Indiana Mall
- Location: Indiana, PA
- Address: 2334 Oakland Ave Indiana, PA
- Opened: 1 October 1979
- Developer: Zamias Services, Inc.
- Owner: Kohan Retail Investment Group^{[needs update]} Summit Properties USA
- Stores: 30+
- Anchor tenants: 5
- Floor area: 456,084 square feet (42,371.6 m^{2})
- Floors: 1
- Parking: 1,863
- Website: www.indianamallpa.com

= Indiana Mall =

The Indiana Mall is a single-level, indoor, regional mall which is located in Indiana, Pennsylvania, United States. Located on the western edge of town near the intersection of Oakland Ave (PA 286) and Indian Springs Road (US 422 Business), this mall's anchor stores are MovieScoop Cinemas, Dunham's Sports, Harbor Freight Tools, Kohl's, JCPenney and Rural King.

==History ==
Old Navy joined the mall in 2006, and closed six years later. The mall's movie theater, formerly owned by Carmike Cinemas, was sold to Golden Star Theaters in 2015. On June 6, 2017, Sears Holdings announced that the Kmart store would be closing as part of a plan to close 72 stores nationwide. It closed in October 2017. Kmart was expanded in 1992. On November 2, 2017, Sears Holdings announced that the Sears store would also be closing as part of a plan to close 63 stores nationwide. The store closed in January 2018. Four months later, The Bon-Ton announced that it would close its location here as part of the storewide liquidations due to bankruptcy. IBEX, a call center in the mall, closed at the end of June 2018. Kohl's joined the mall in 2019, taking over the vacant Sears space.

Indiana Mall was turned over to the bank by Zamias in December 2020. Zamias remained as mall management.

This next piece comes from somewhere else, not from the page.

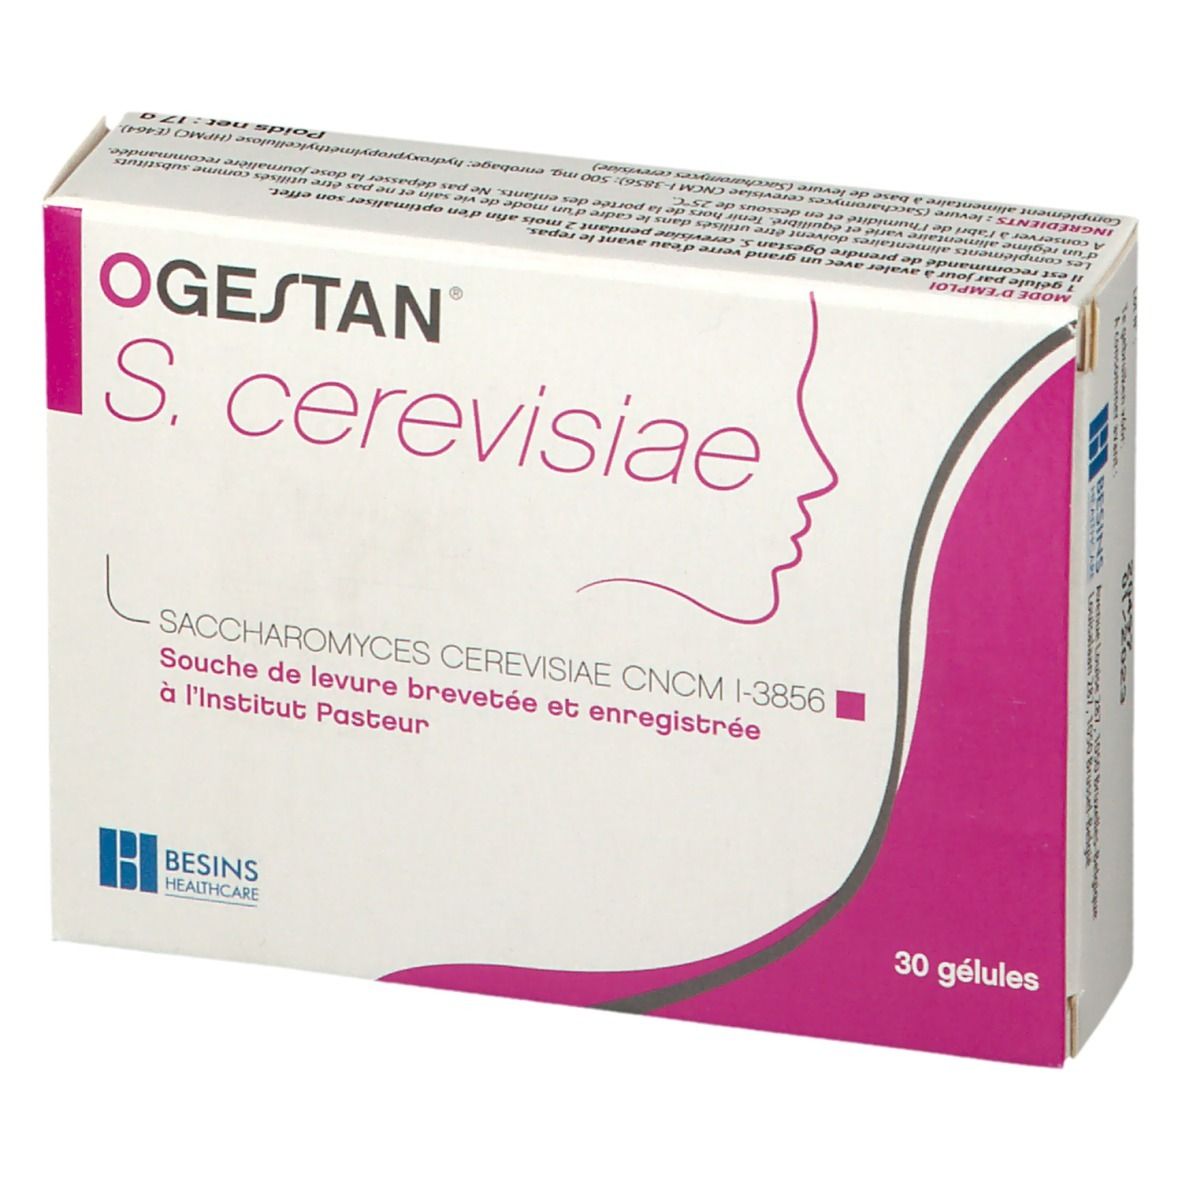 OGESTAN® S. cerevisiae

Dunham's Sports was also announced to replace the former Bon-Ton and would open in July 2023. Indiana Mall was sold to the Kohan Retail Investment Group in April 2022 for $6.9 million. In 2025, the former Kmart store began to be converted into a Rural King. The store opened on August 7, 2025. With Rural King opening, all the anchor spaces are currently occupied.